Song
- Published: 1952
- Genre: Traditional pop
- Composer: Arthur Schwartz
- Lyricist: Howard Dietz

= That's Entertainment! (song) =

1952 song by Arthur Schwartz and Howard Dietz

"That's Entertainment!" is a popular song with music written by Arthur Schwartz and lyrics by Howard Dietz. The song was published in 1952 and was written especially for the 1953 Metro-Goldwyn-Mayer musical film The Band Wagon. It was orchestrated for the film by Conrad Salinger under the musical direction of Adolph Deutsch. The song is performed in the film by Jack Buchanan supported by Fred Astaire, Nanette Fabray, and Oscar Levant.

In 2004, the song finished at number 45 in AFI's 100 Years...100 Songs survey of top tunes in American cinema.

== Association with MGM ==

The song has become nearly synonymous with Metro-Goldwyn-Mayer. The studio used the tune for its 1955-56 television series MGM Parade which featured clips from past and forthcoming MGM films.

In 1974, MGM released their retrospective film series with the same name, which featured clips from the studio's golden age. Its success spawned two sequels, both of which feature the song. In That's Entertainment, Part II, some new lyrics were added to the song and performed by hosts Gene Kelly and Astaire. The film credited those lyrics to Dietz and Saul Chaplin, one of the film's producers, though Chaplin was known as a composer, not a lyricist.

The studio also used a remix of Judy Garland's recording of the song to underscore the trailer for the January 15, 2023 launch of the network and streaming platform MGM+, following the network's rebrand from Epix. The 1974 film was also added to the network's streaming platform the same day as the rebrand's launch.

==Performances==

The song is perhaps most associated with Judy Garland, who recorded it for her 1960 LP That's Entertainment!, using a shortened version of the original Salinger arrangement. A year later, a live version appeared on Garland's Grammy-winning double album Judy at Carnegie Hall. She also performed it on The Judy Garland Show where she dances around the TV stage during an orchestral interlude.

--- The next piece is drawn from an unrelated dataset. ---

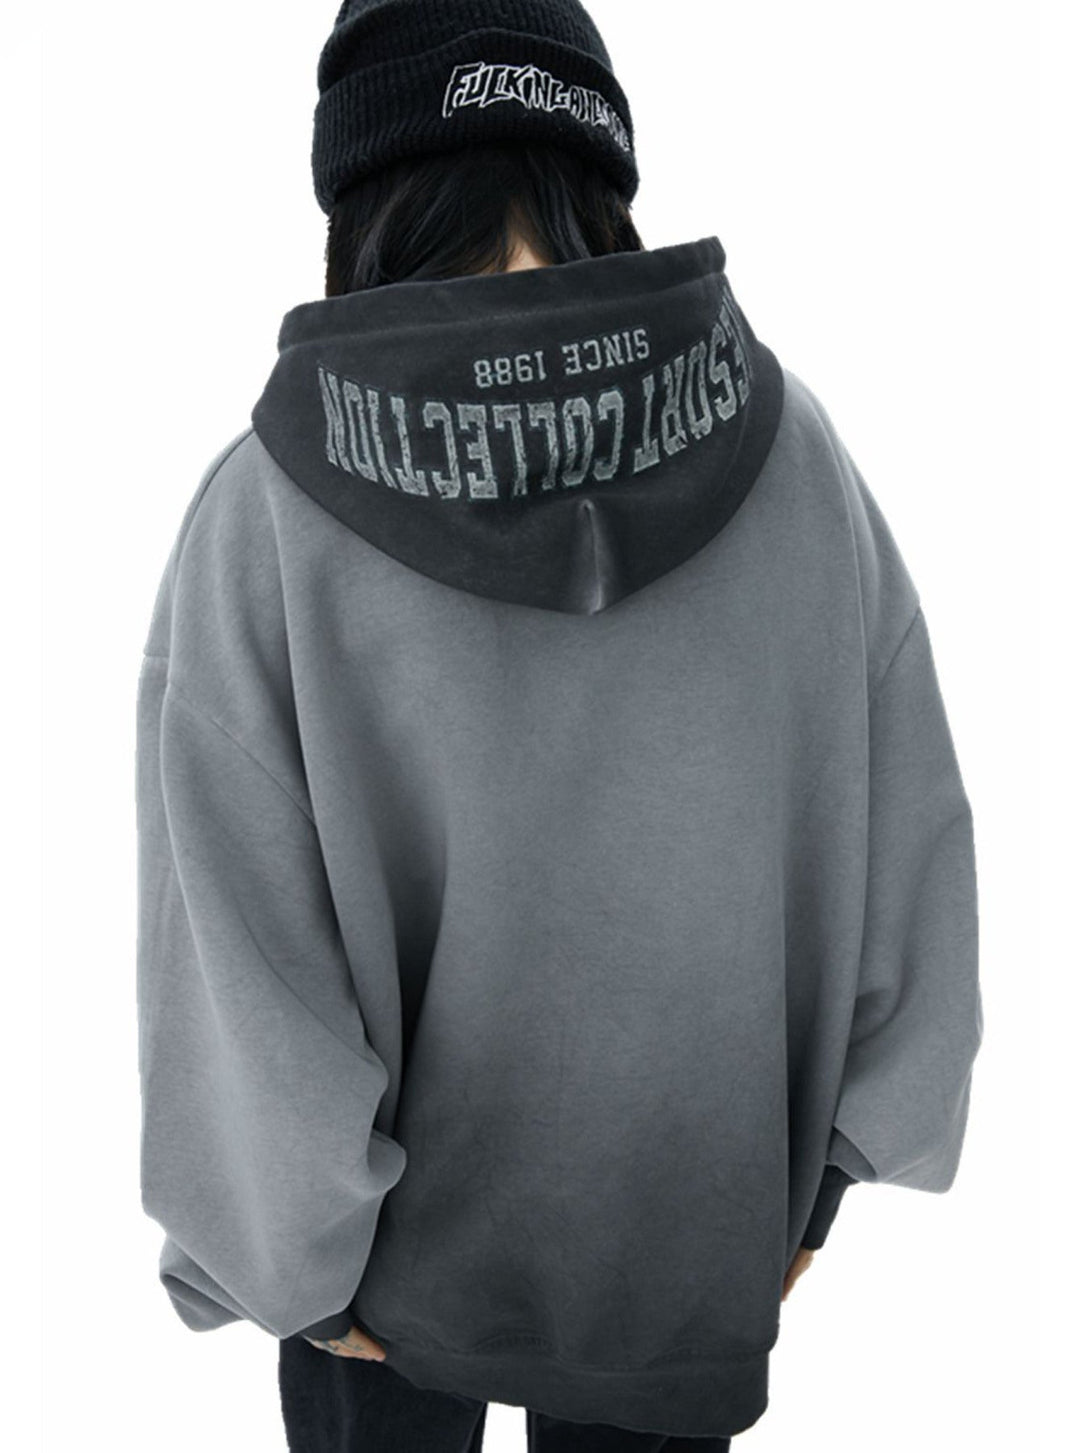 Majesda® - Vintage Gradient Hooded Loose Sweatshirt - 1842- Outfit Ideas - Streetwear Fashion - majesda.com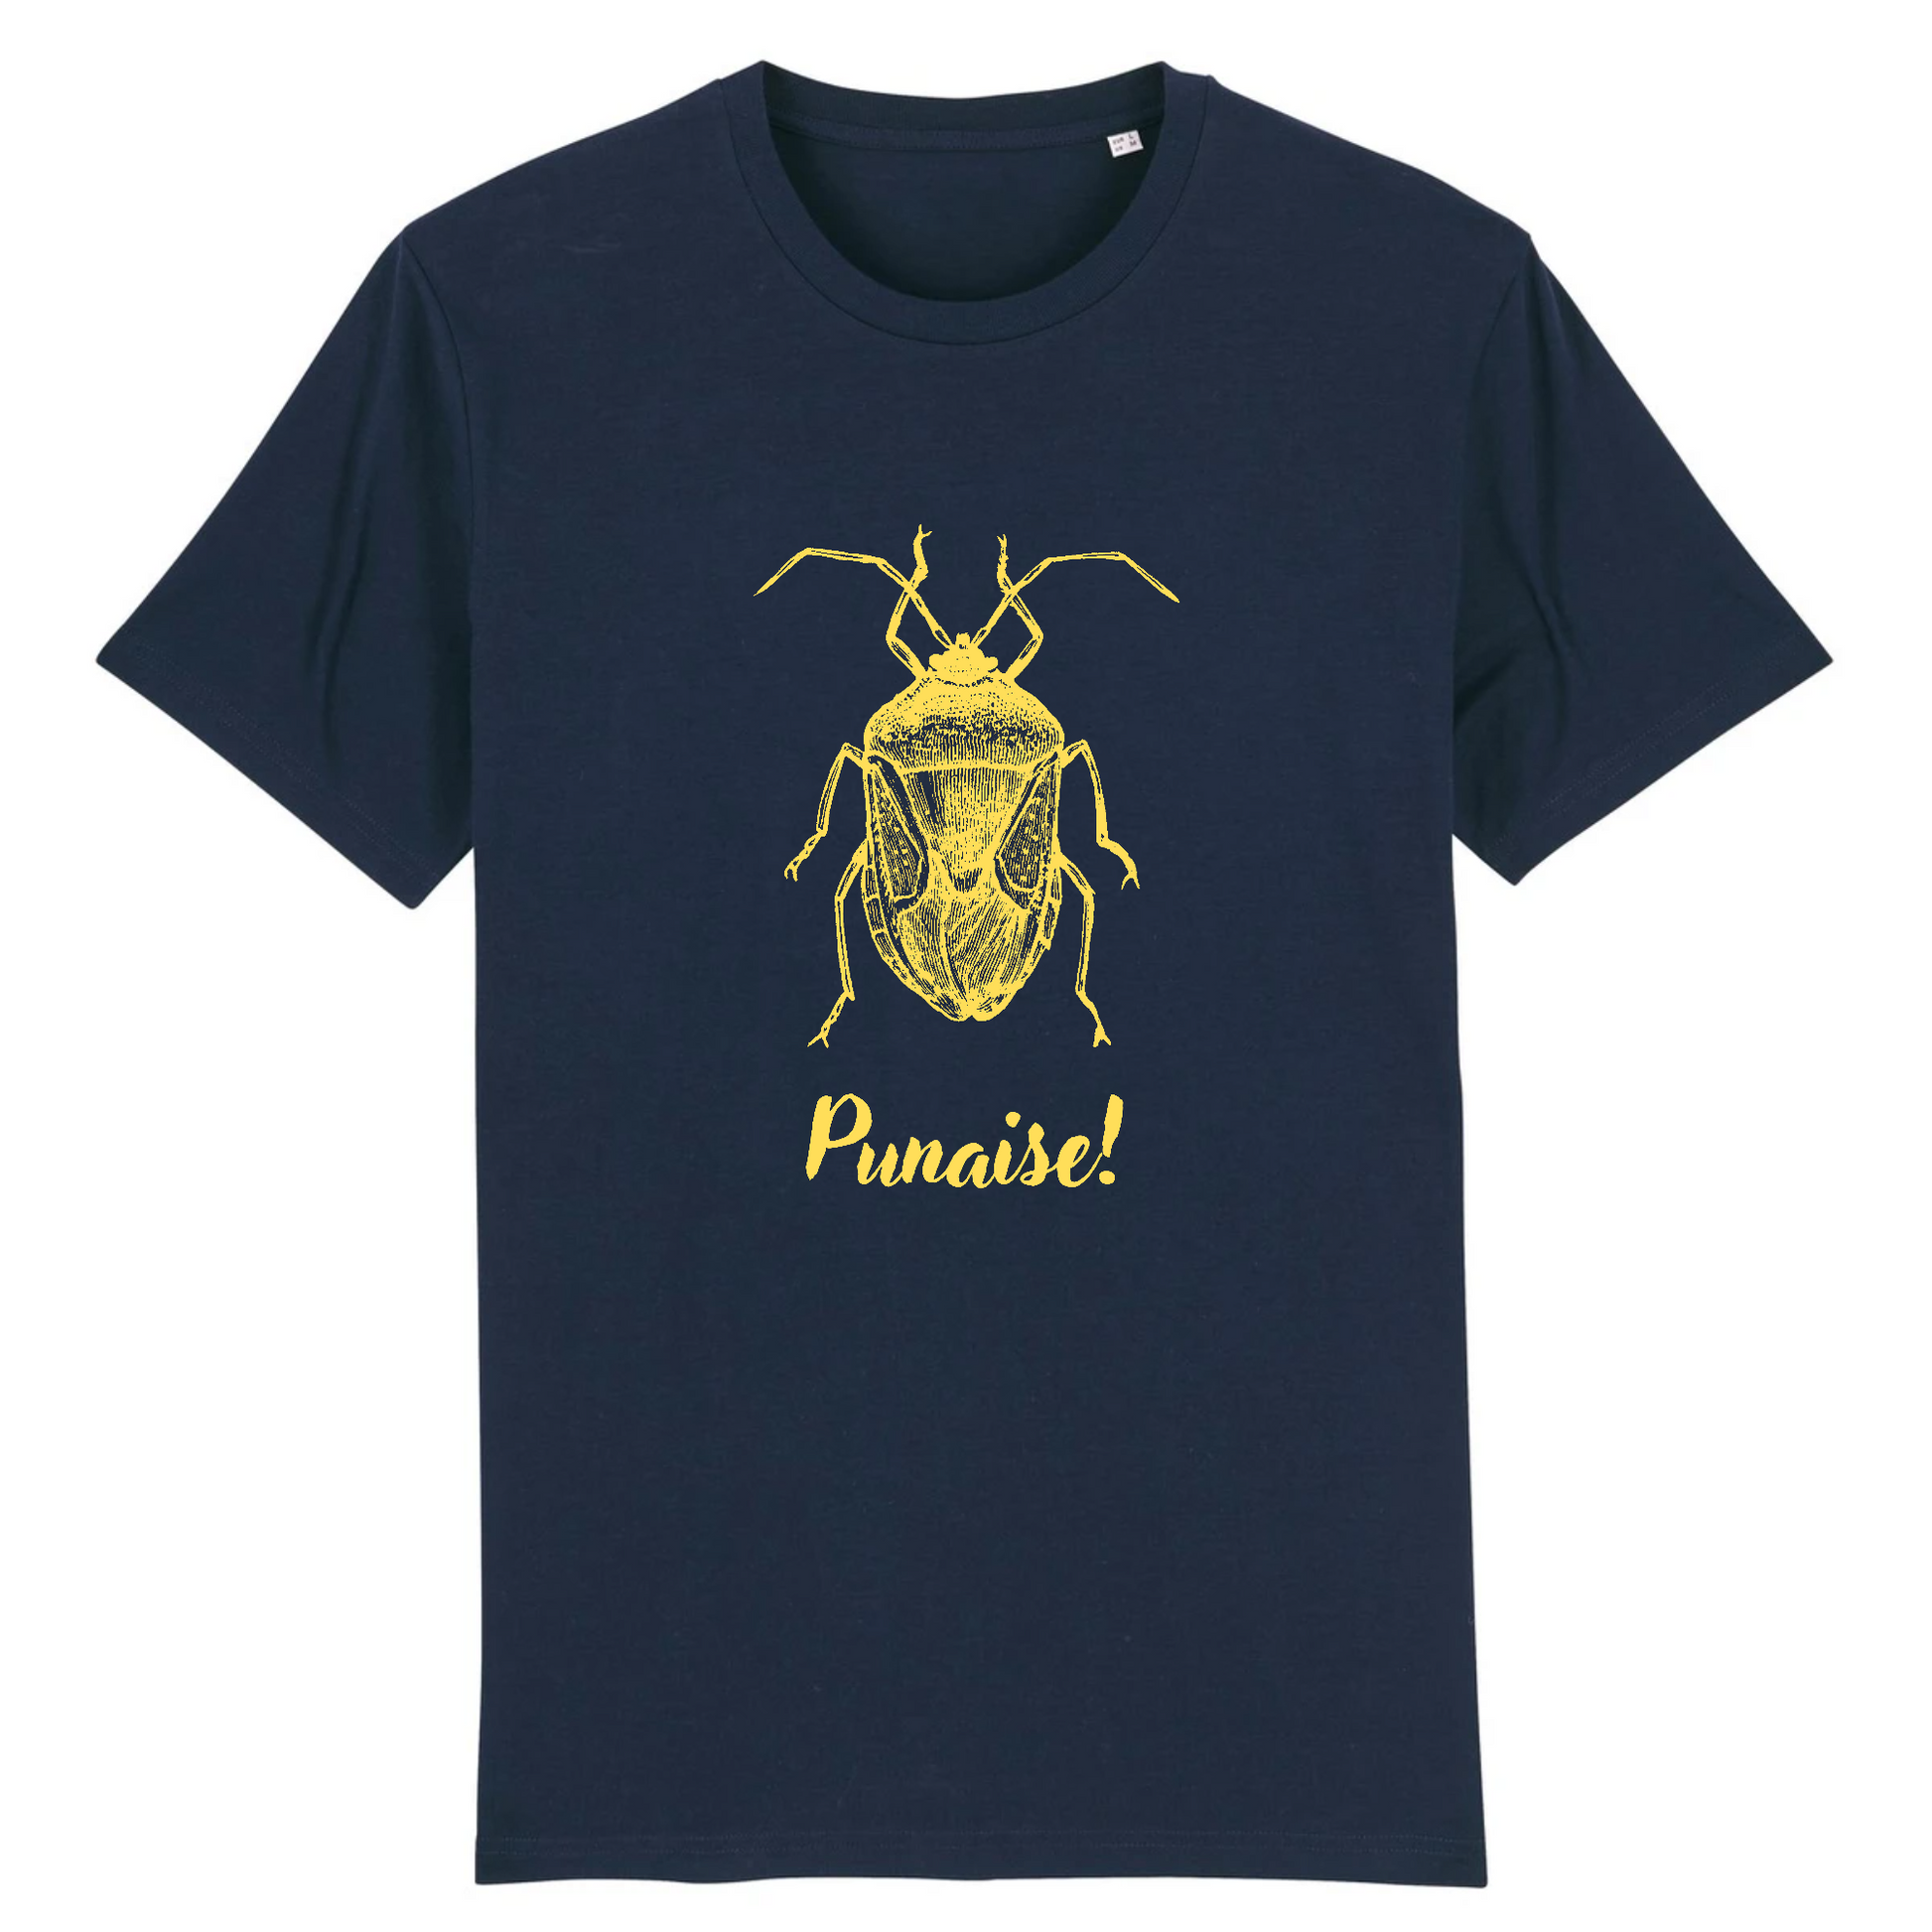 Punaise! | T-shirt Unisexe - Coton BIO - CREATOR | Marine

In 1979, the song was sung with parody lyrics by the villain Mordru in the television special Legends of the Superheroes. In the 1980s, the song was performed, again with new lyrics, by Larry Santos in a commercial for TV Guide magazine.

Joaquin Phoenix and Lady Gaga performed the song in the American jukebox musical thriller film Joker: Folie à Deux (2024). Lady Gaga released a solo cover version of the song on Harlequin (2024), her companion album to the film.